- What the task requires: Pictures stay out of the output. Return exactly the lines below from the one with "Let’s have some" down to the one with "Nina crossing a", both included, and nothing more.

- Information provided:
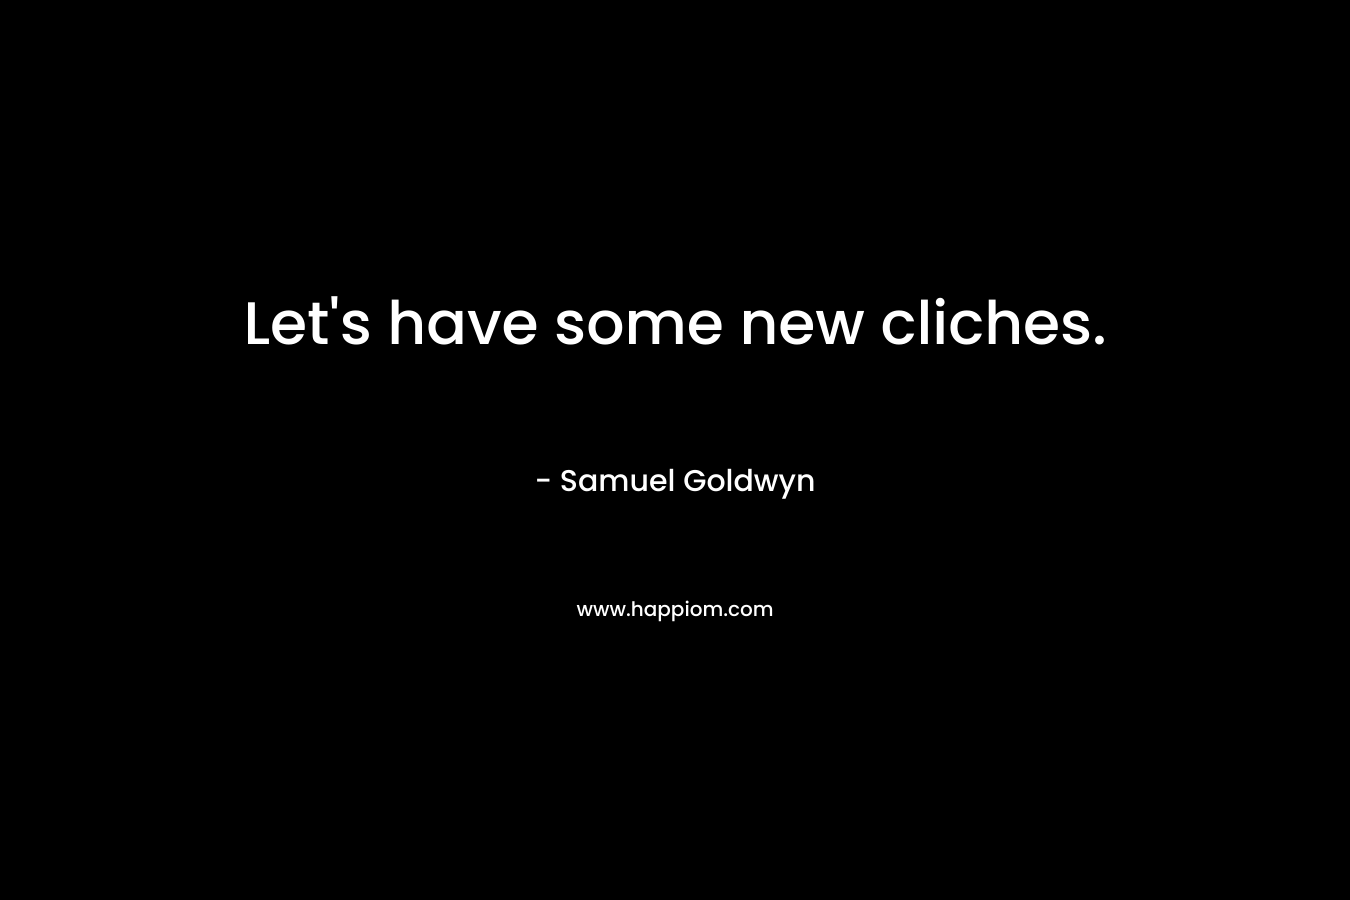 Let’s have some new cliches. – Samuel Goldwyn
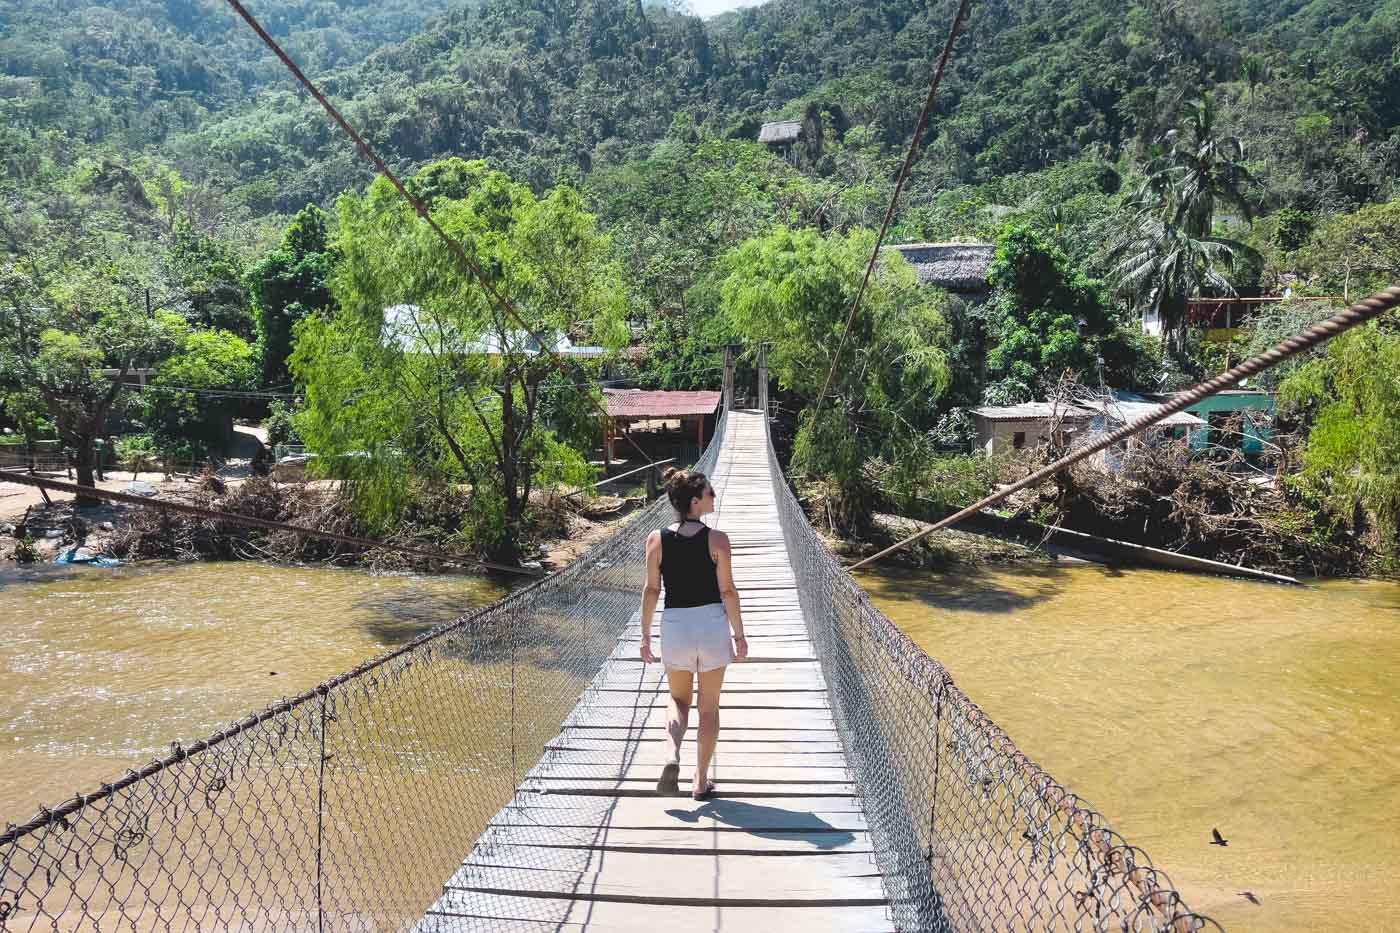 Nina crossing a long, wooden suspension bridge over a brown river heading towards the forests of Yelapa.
==
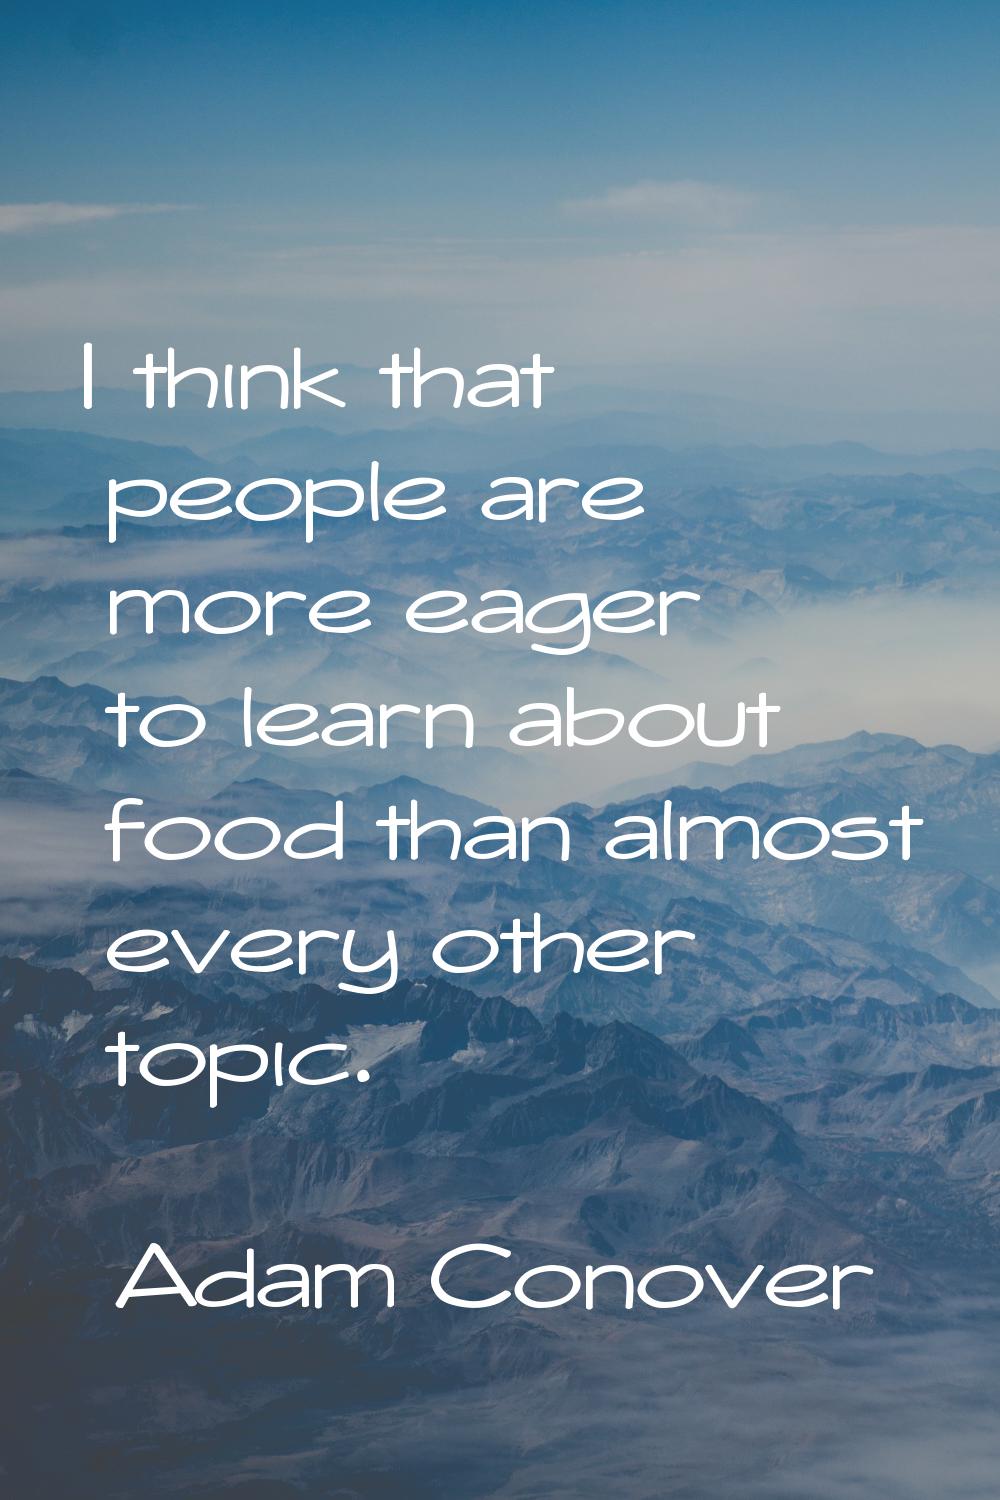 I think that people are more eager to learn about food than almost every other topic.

- Answer to this problem:
 Let’s have some new cliches. – Samuel Goldwyn
 Nina crossing a long, wooden suspension bridge over a brown river heading towards the forests of Yelapa.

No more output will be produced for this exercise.